Note de M. Pierre-Michel LE CORRE :
L’article L. 145-9 du Code de commerce prévoit que les baux des locaux commerciaux ne cessent que par l’effet d’un congé donné au moins six mois à l’avance. Pour sa part, l’article L. 145-12 s’intéresse au renouvellement du bail. Son alinéa 3 évoque un « nouveau bail » qui « prend effet à compter de l’expiration du bail précédent, ou, le cas échéant, de sa reconduction (…)« . L’article L. 621-28 du Code de commerce, enfin, permet à l’administrateur judiciaire d’opter pour la continuation des contrats en cours.
Une délicate question de délimitation se pose lorsque, au jour du jugement d’ouverture, le contrat de bail est en cours, mais qu’un congé a été délivré pour un terme antérieur à la décision de l’organe compétent de continuer ou non le contrat. En pareil cas, le contrat est-il encore en cours ?
C’est à cette question que répond l’arrêt de l’Assemblée plénière du 7 mai 2004.
En l’espèce, le bailleur avait délivré congé le 30 juin 1993 pour le 31 décembre 1993, en proposant le renouvellement avec un loyer d’un montant supérieur. Le locataire est déclaré en redressement judiciaire le 22 décembre 1993.
Le 31 décembre 1993, le bailleur met en demeure l’administrateur judiciaire d’avoir à opter sur la continuation du contrat de bail. Le 11 février 1994, l’administrateur judiciaire répond qu’il entend poursuivre le bail, mais aux conditions initiales.
C’est dans ces conditions que le bailleur assigne le locataire et son administrateur judiciaire en résiliation du bail et en expulsion.
Les juges du fond vont faire droit à sa demande en relevant, d’une part, que le congé n’avait pas mis fin au contrat de bail initial et, d’autre part, que le défaut de réponse de l’administrateur judiciaire dans le délai d’un mois avait entraîné une présomption irréfragable de renonciation à la poursuite du contrat.
La Cour de cassation avait cassé cet arrêt. La Cour d’appel de renvoi (CA Chambéry 1er février 2002) avait entendu résister et s’était rangée à l’opinion de la première Cour d’appel. C’est dans ce contexte que l’Assemblée plénière devait être saisie.
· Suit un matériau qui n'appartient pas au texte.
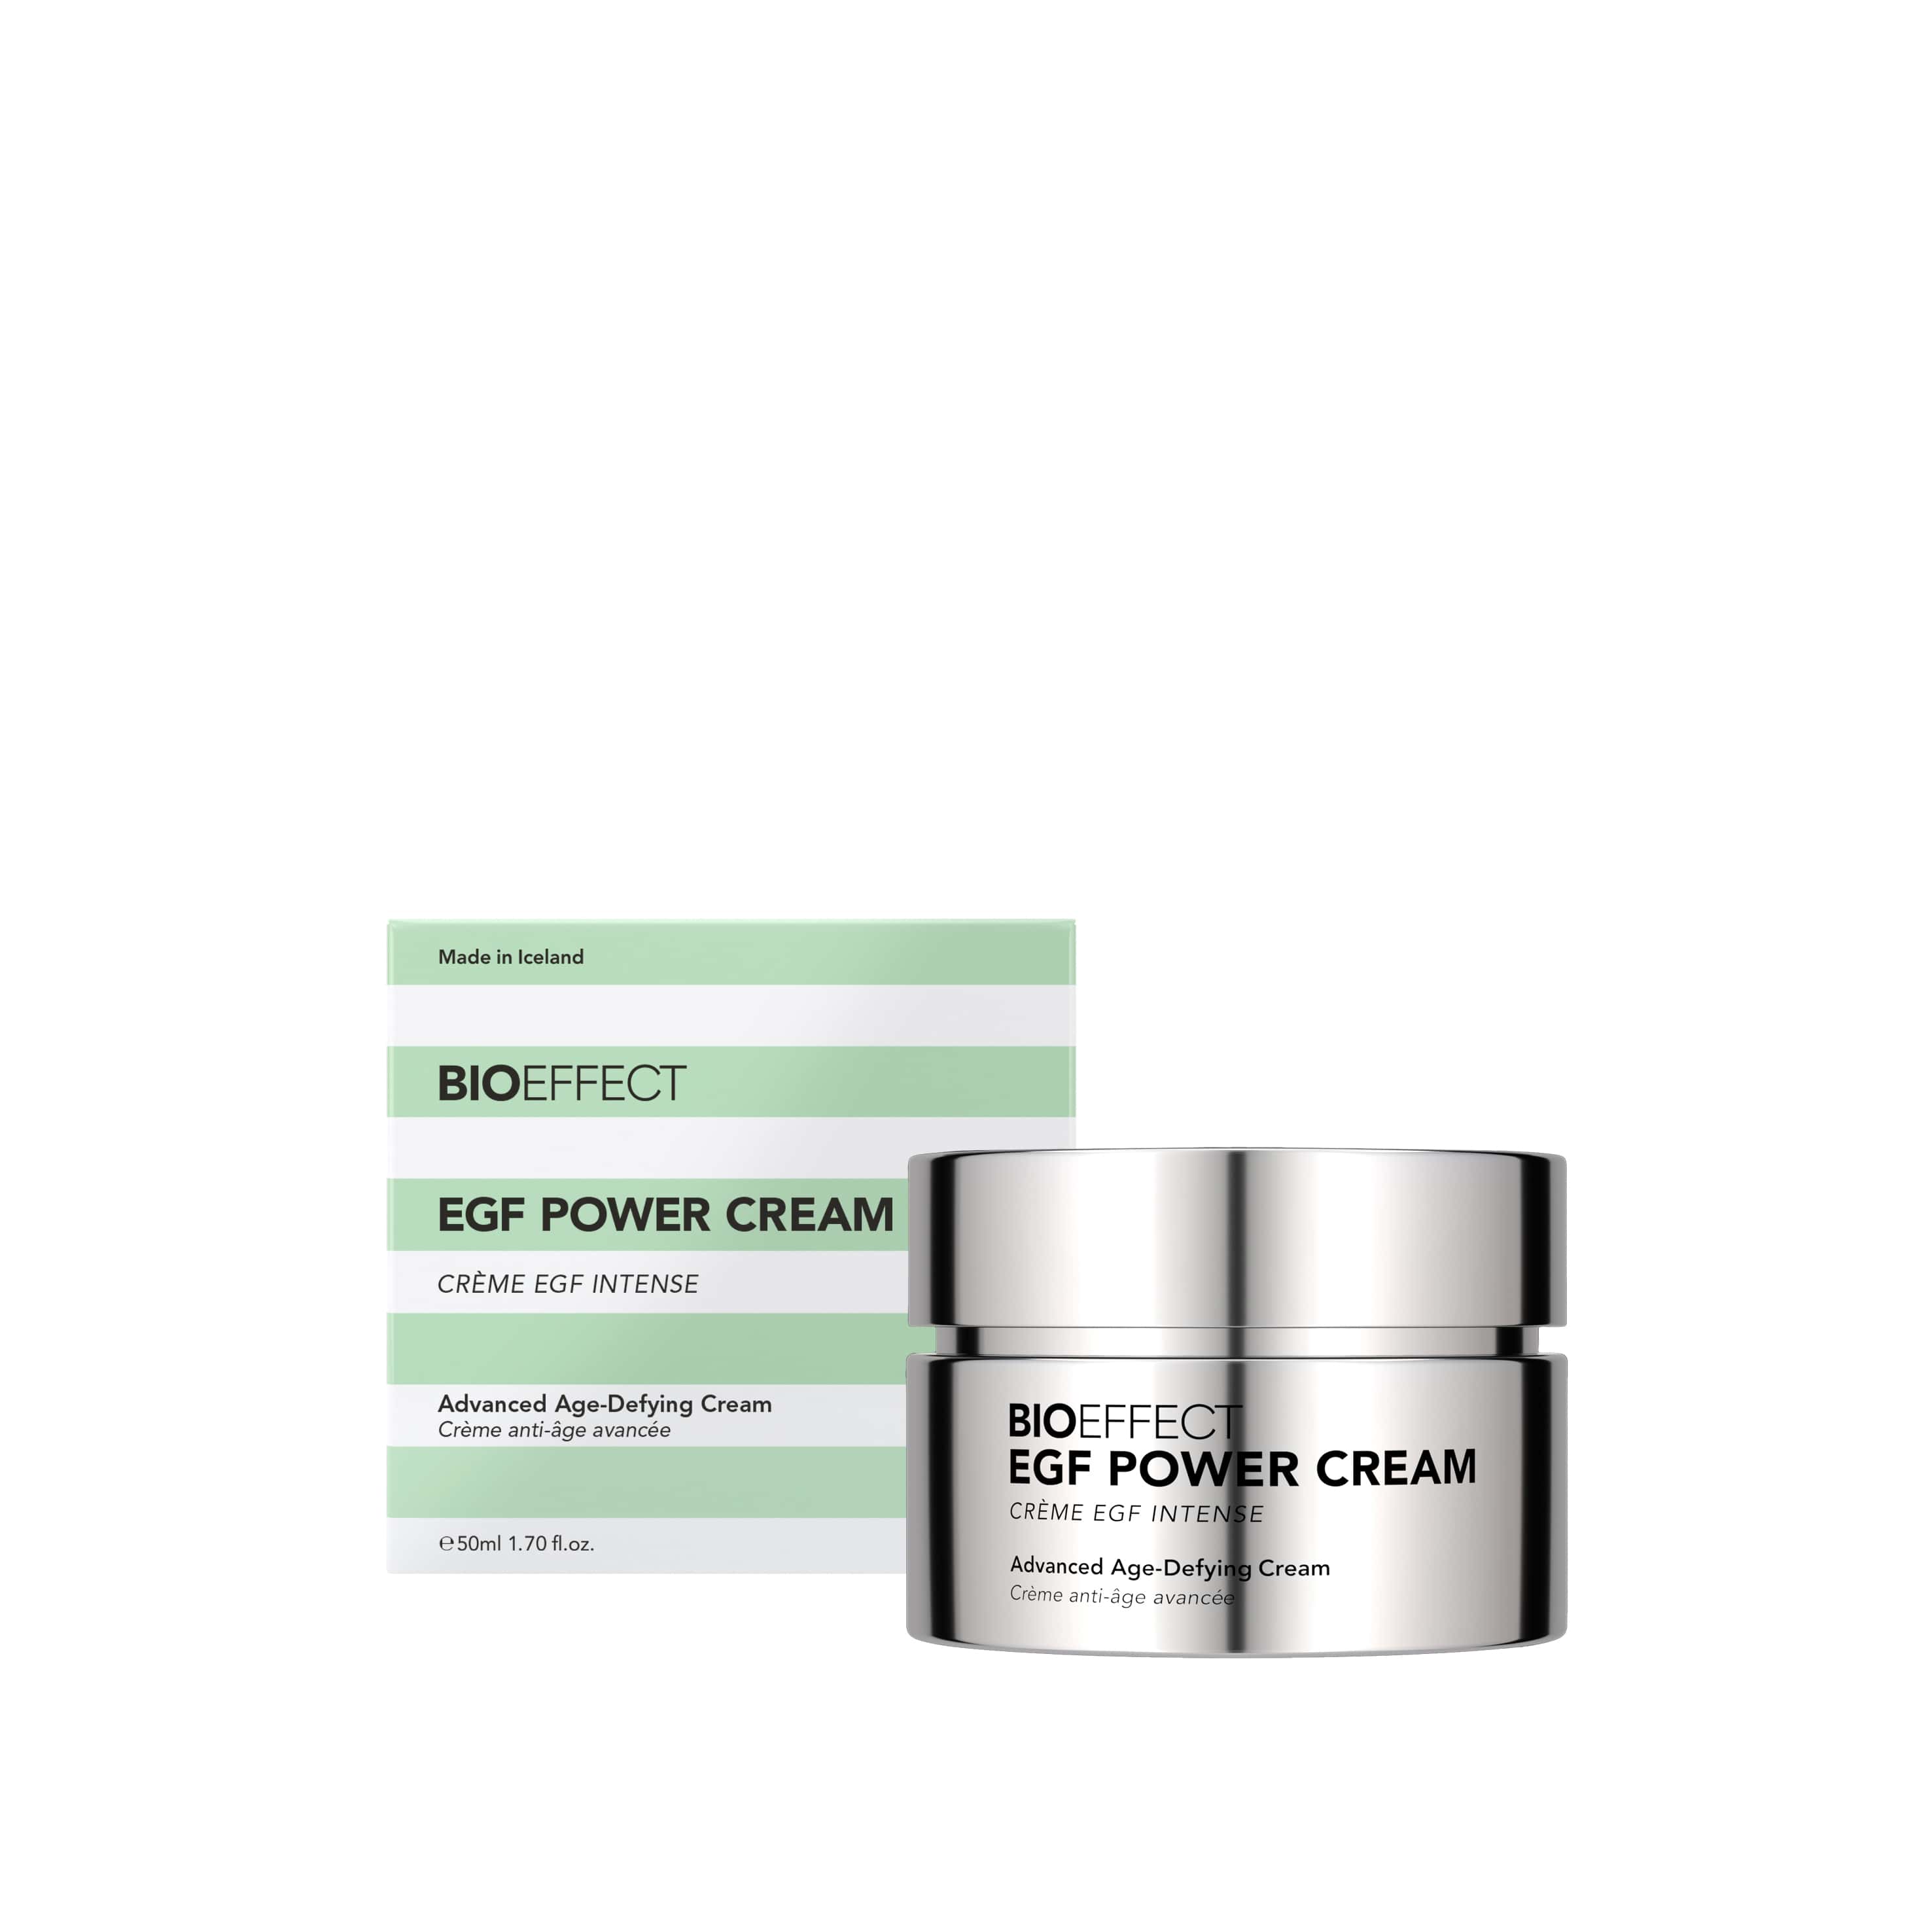 EGF Power Cream_NEW_BOX + JAR _ Packshot-min

Confirmant la solution proposée par la chambre commerciale, elle énonce que « le bail commercial renouvelé après délivrance d’un congé est un nouveau bail, le précédent cessant par l’effet du congé. Il en résulte qu’il ne constitue pas un contrat en cours dont l’administrateur du redressement judiciaire du preneur peut exiger l’exécution« . L’Assemblée plénière rend sa décision au triple visa des articles L. 145-9 et L. 145-12 du Code de commerce et de l’article 37 de la loi du 25 janvier 1985 dans sa rédaction applicable aux faits de l’espèce.